*Data section*:
BEGIN

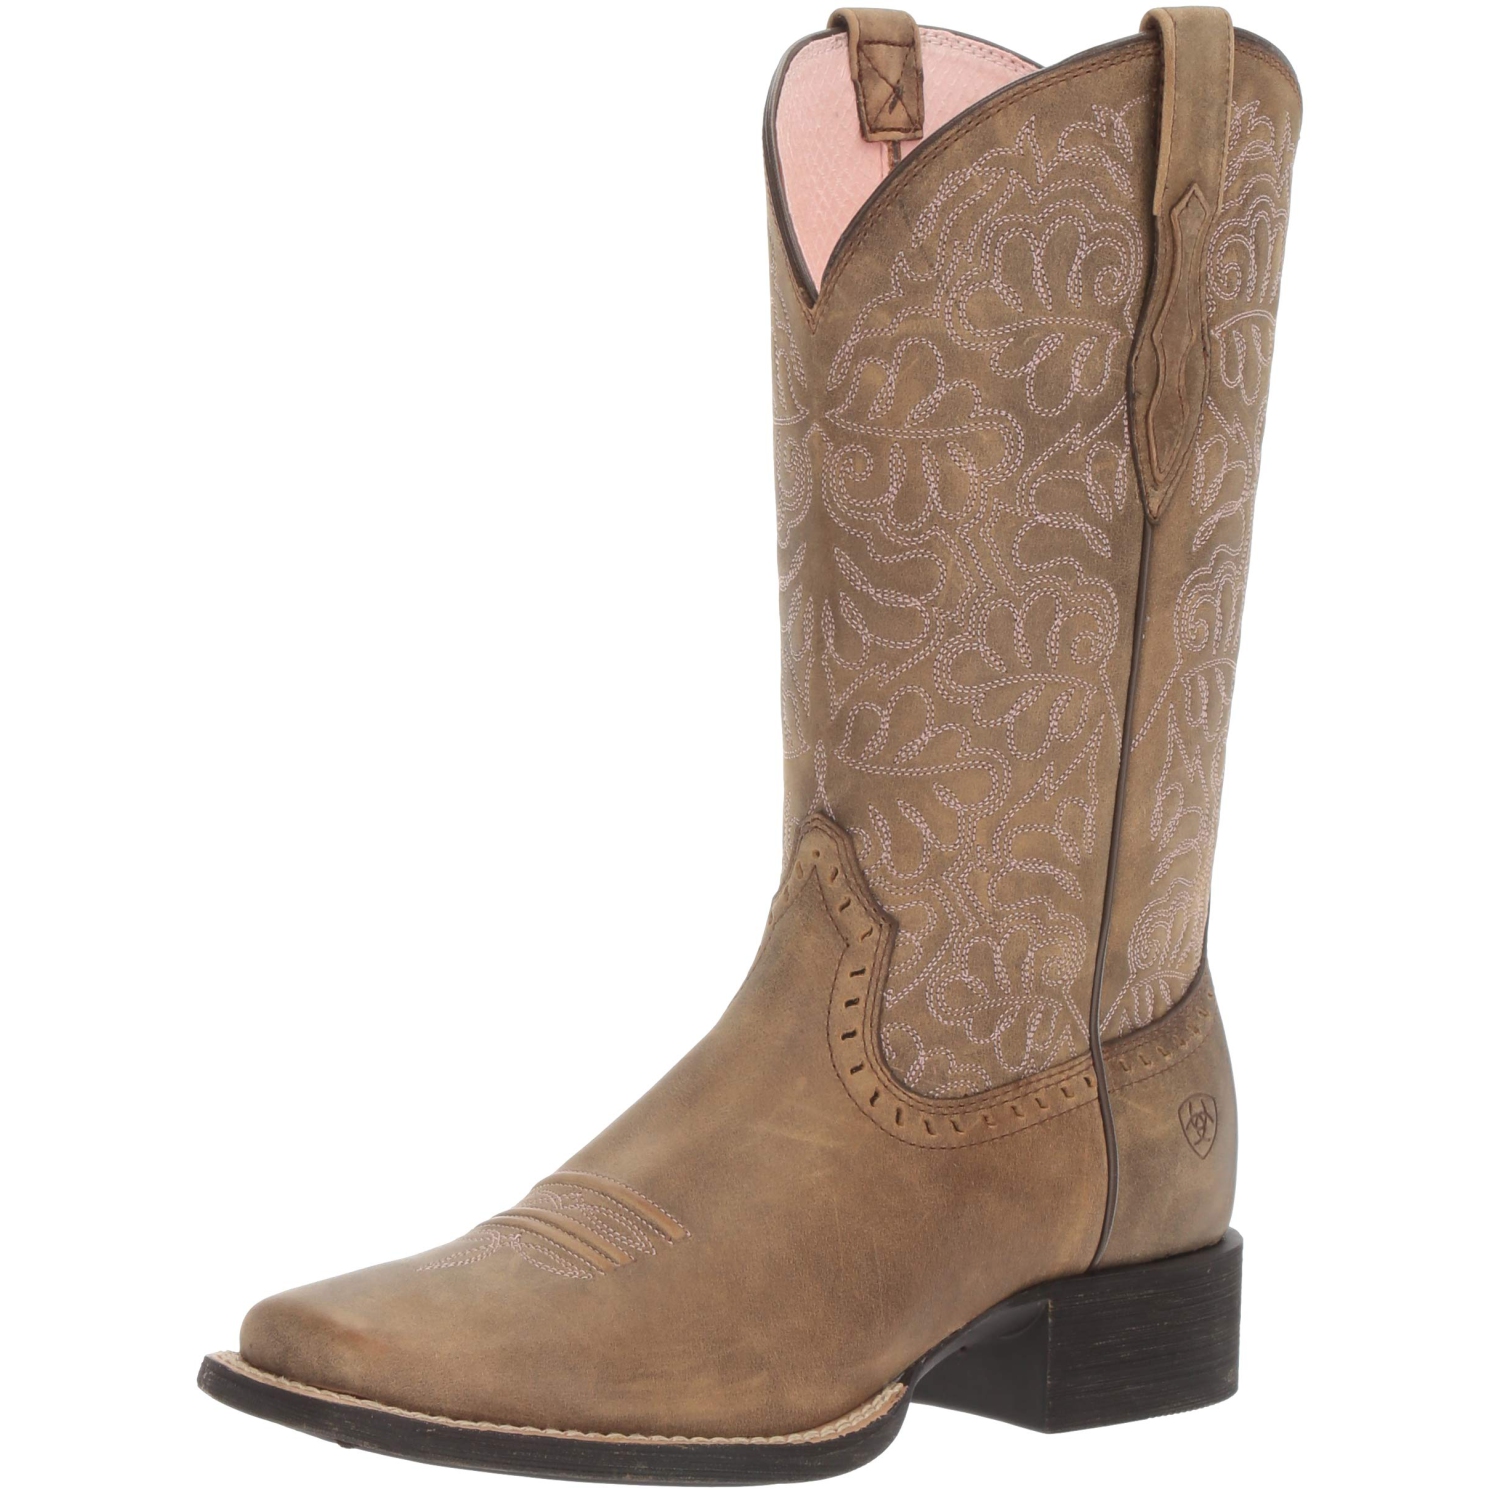 Ariat Women's Round up Remuda Western Cowboy Boot
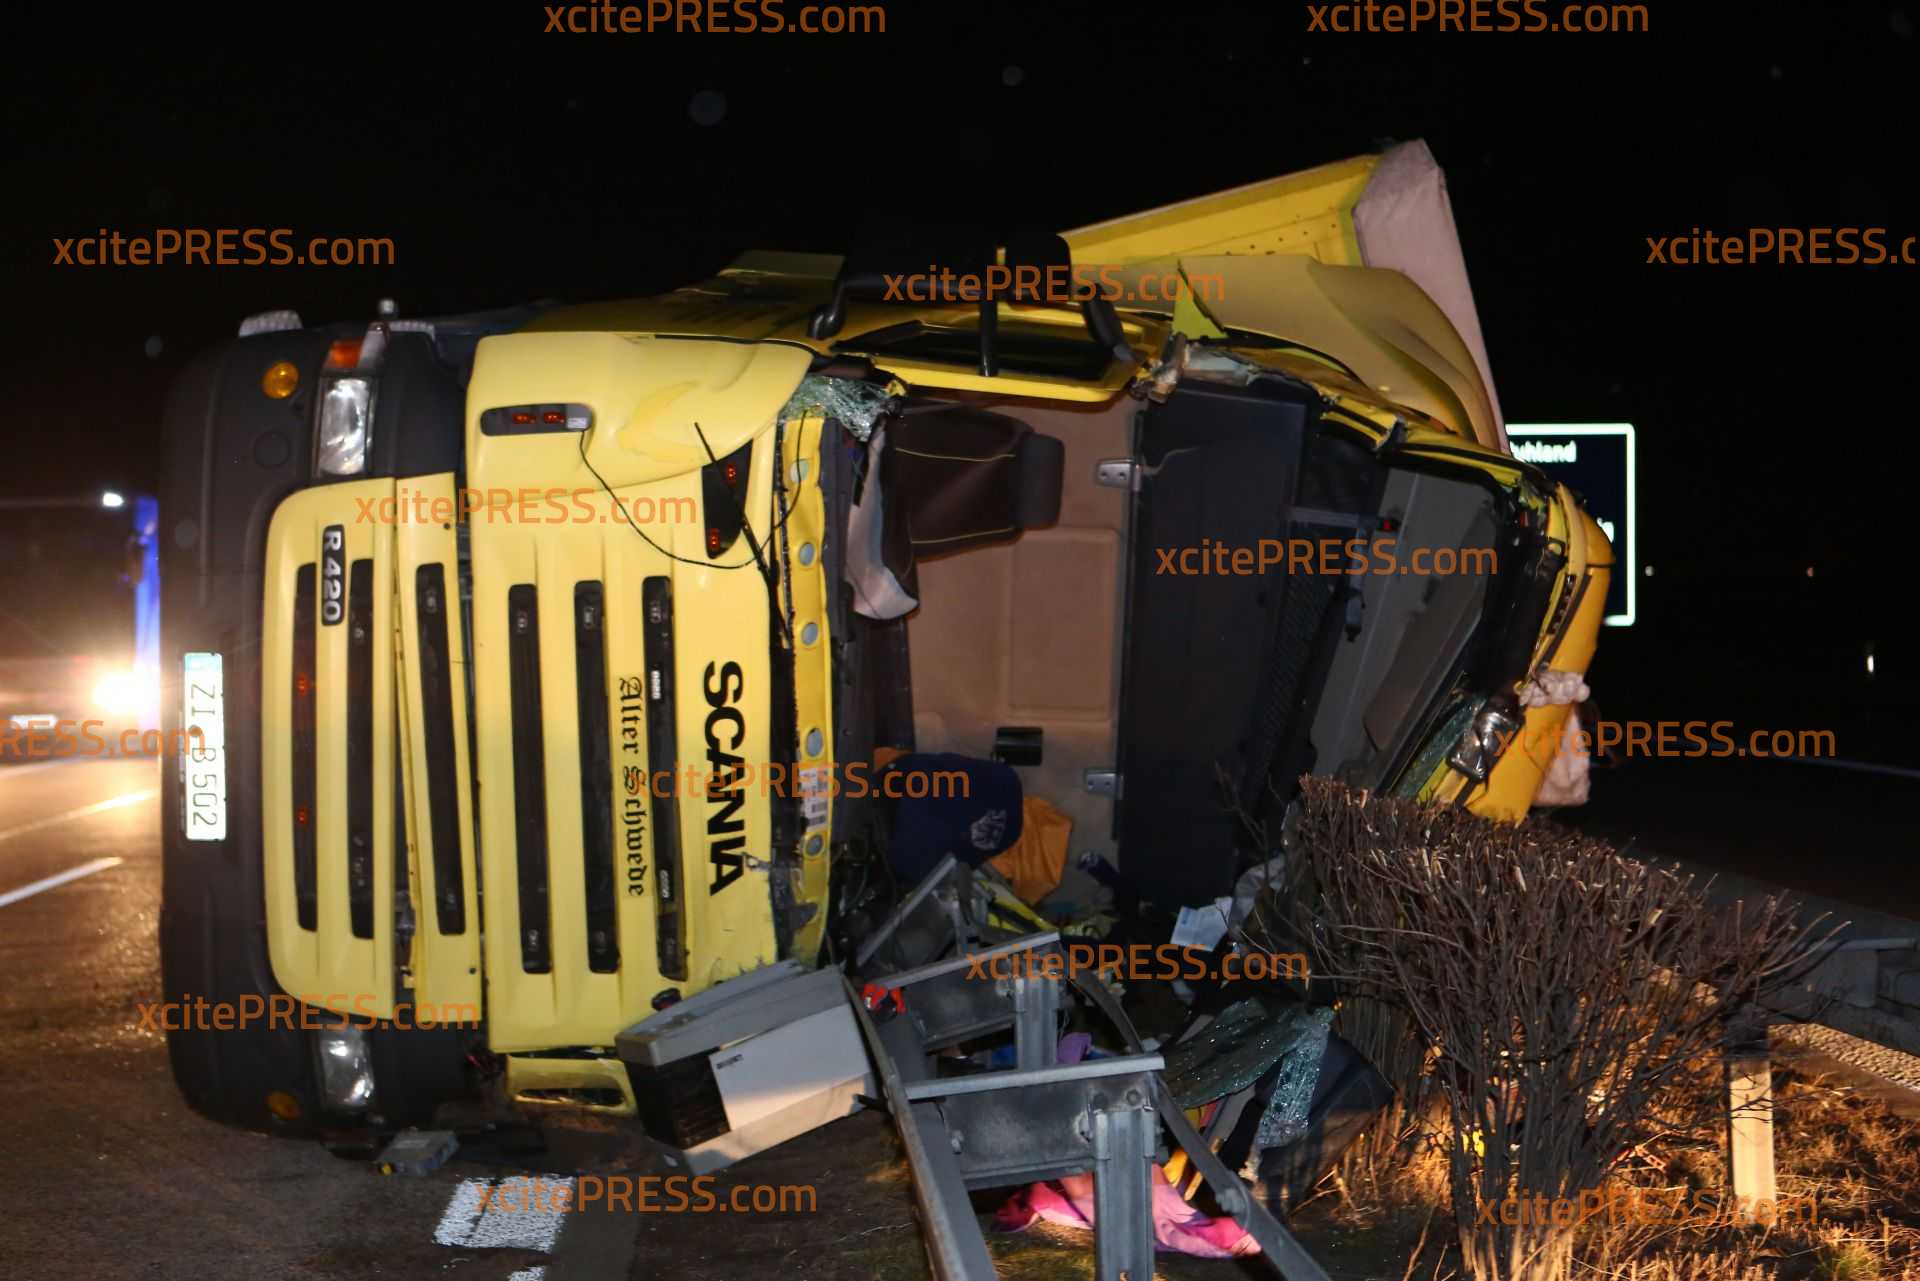 Orkantoter in Brandenburg: LKW kippt um: Fahrer eingeklemmt, im Führerhaus verstorben
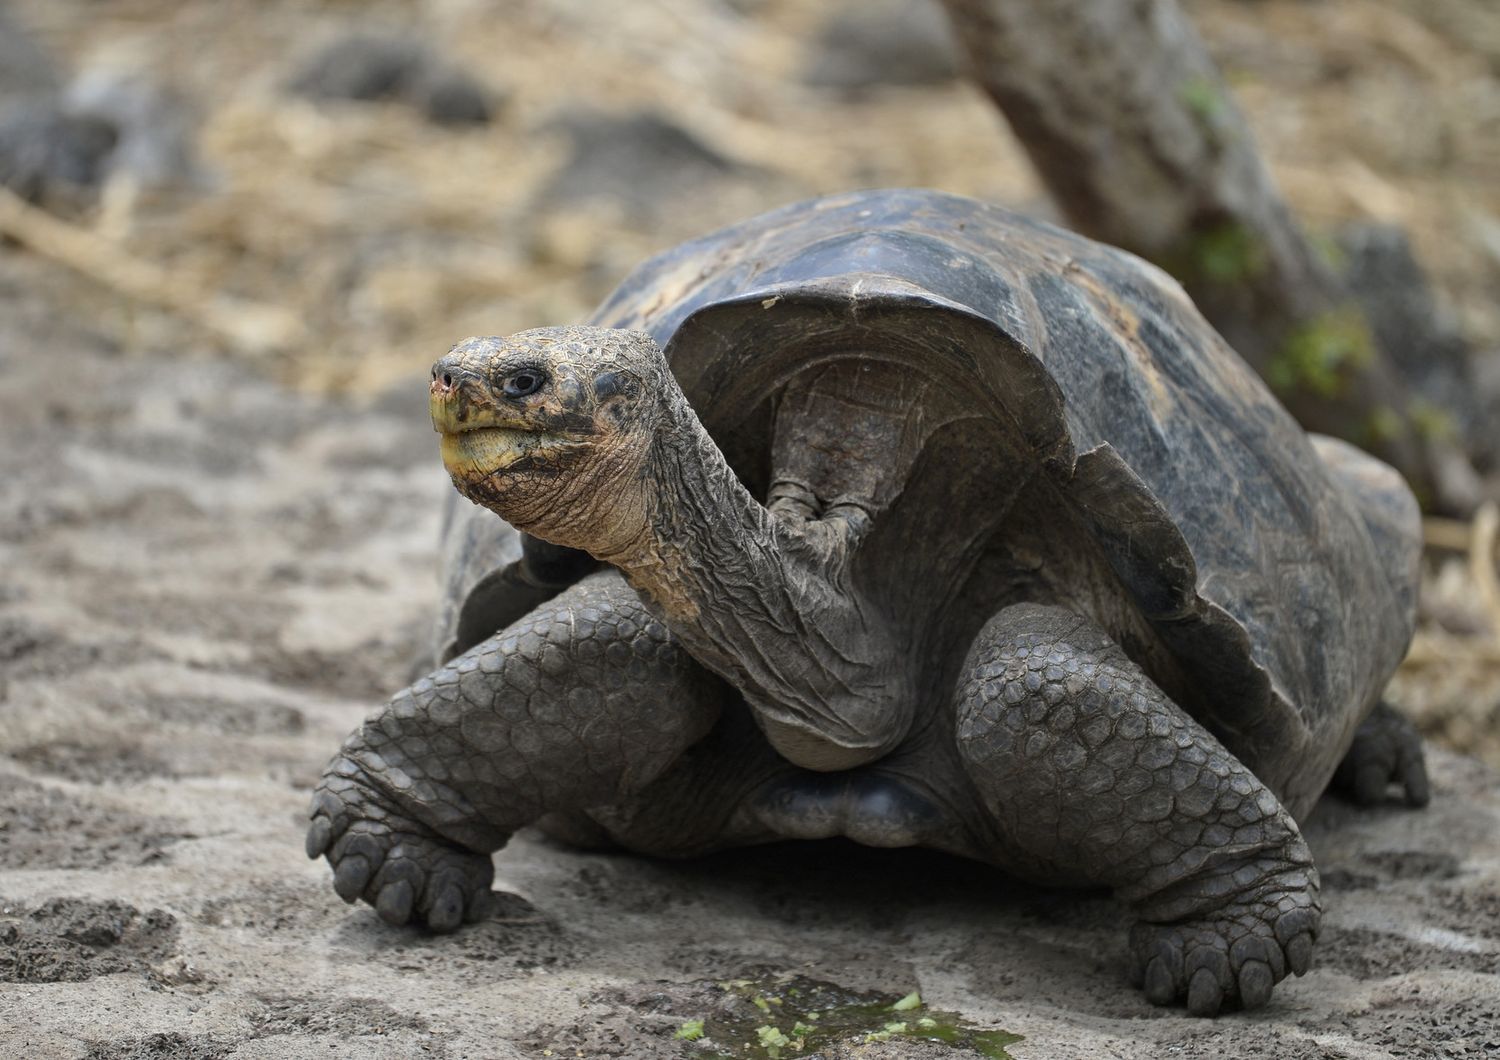 Isole Galapagos: una delle tartarughe giganti custodite nella riserva naturale dell'arcipelago
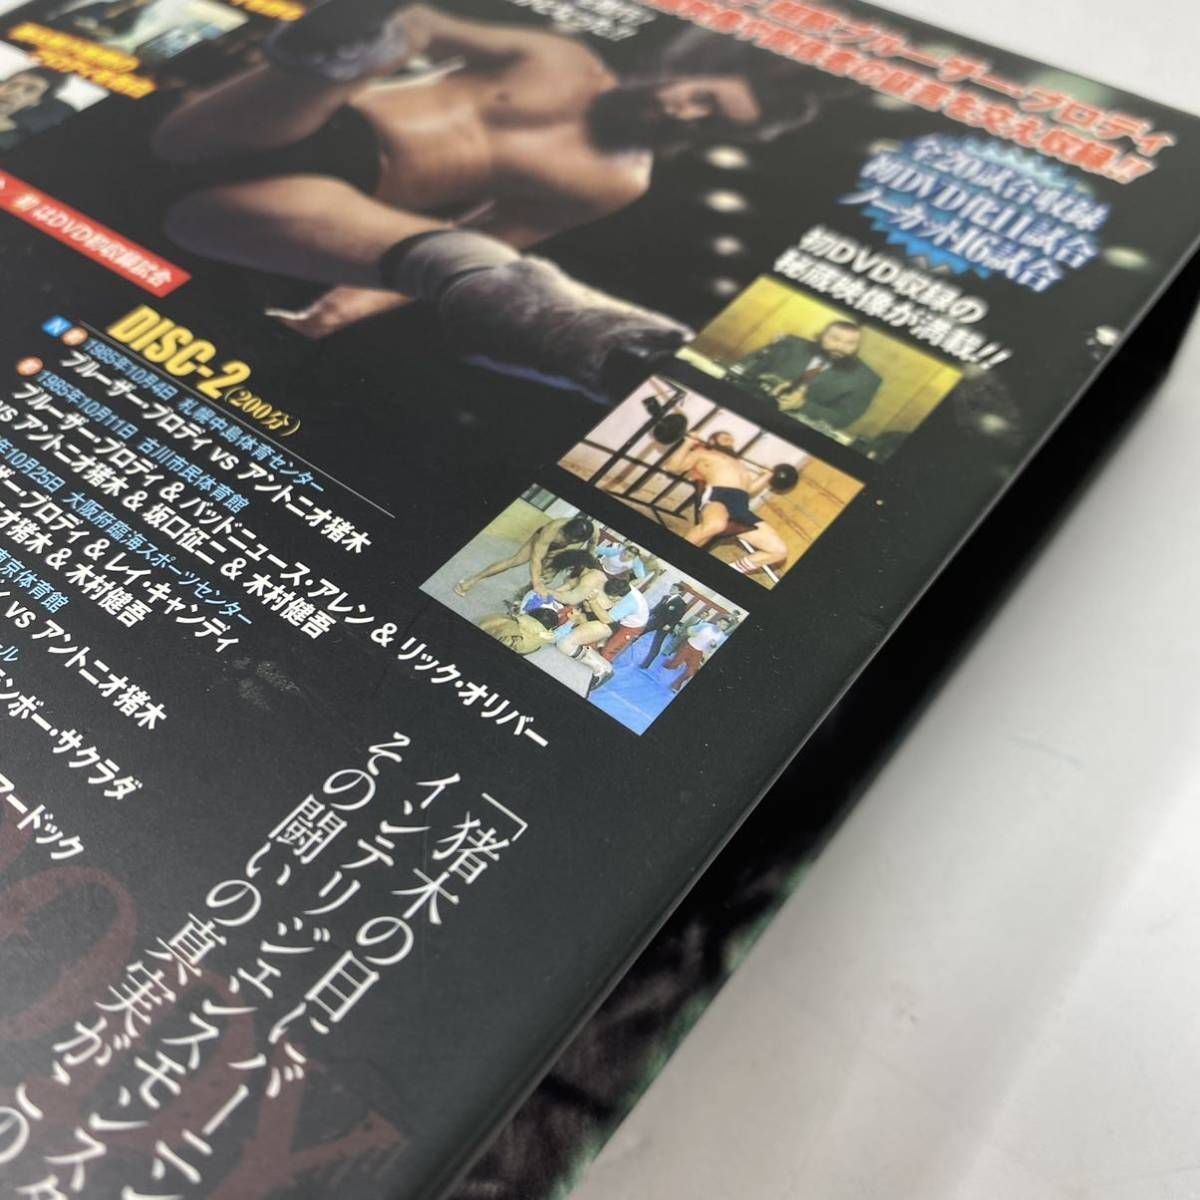 ブルーザー・ブロディ/新日本プロレスリング 最強外国人シリーズ 超獣伝説 ブル…新日本プロレス

END

Repeat the listing above exactly from its first line to the line containing "Isole Galapagos: una", both included, and omit the pictures.

 Ariat Women's Round up Remuda Western Cowboy Boot
 Orkantoter in Brandenburg: LKW kippt um: Fahrer eingeklemmt, im Führerhaus verstorben
 Isole Galapagos: una delle tartarughe giganti custodite nella riserva naturale dell'arcipelago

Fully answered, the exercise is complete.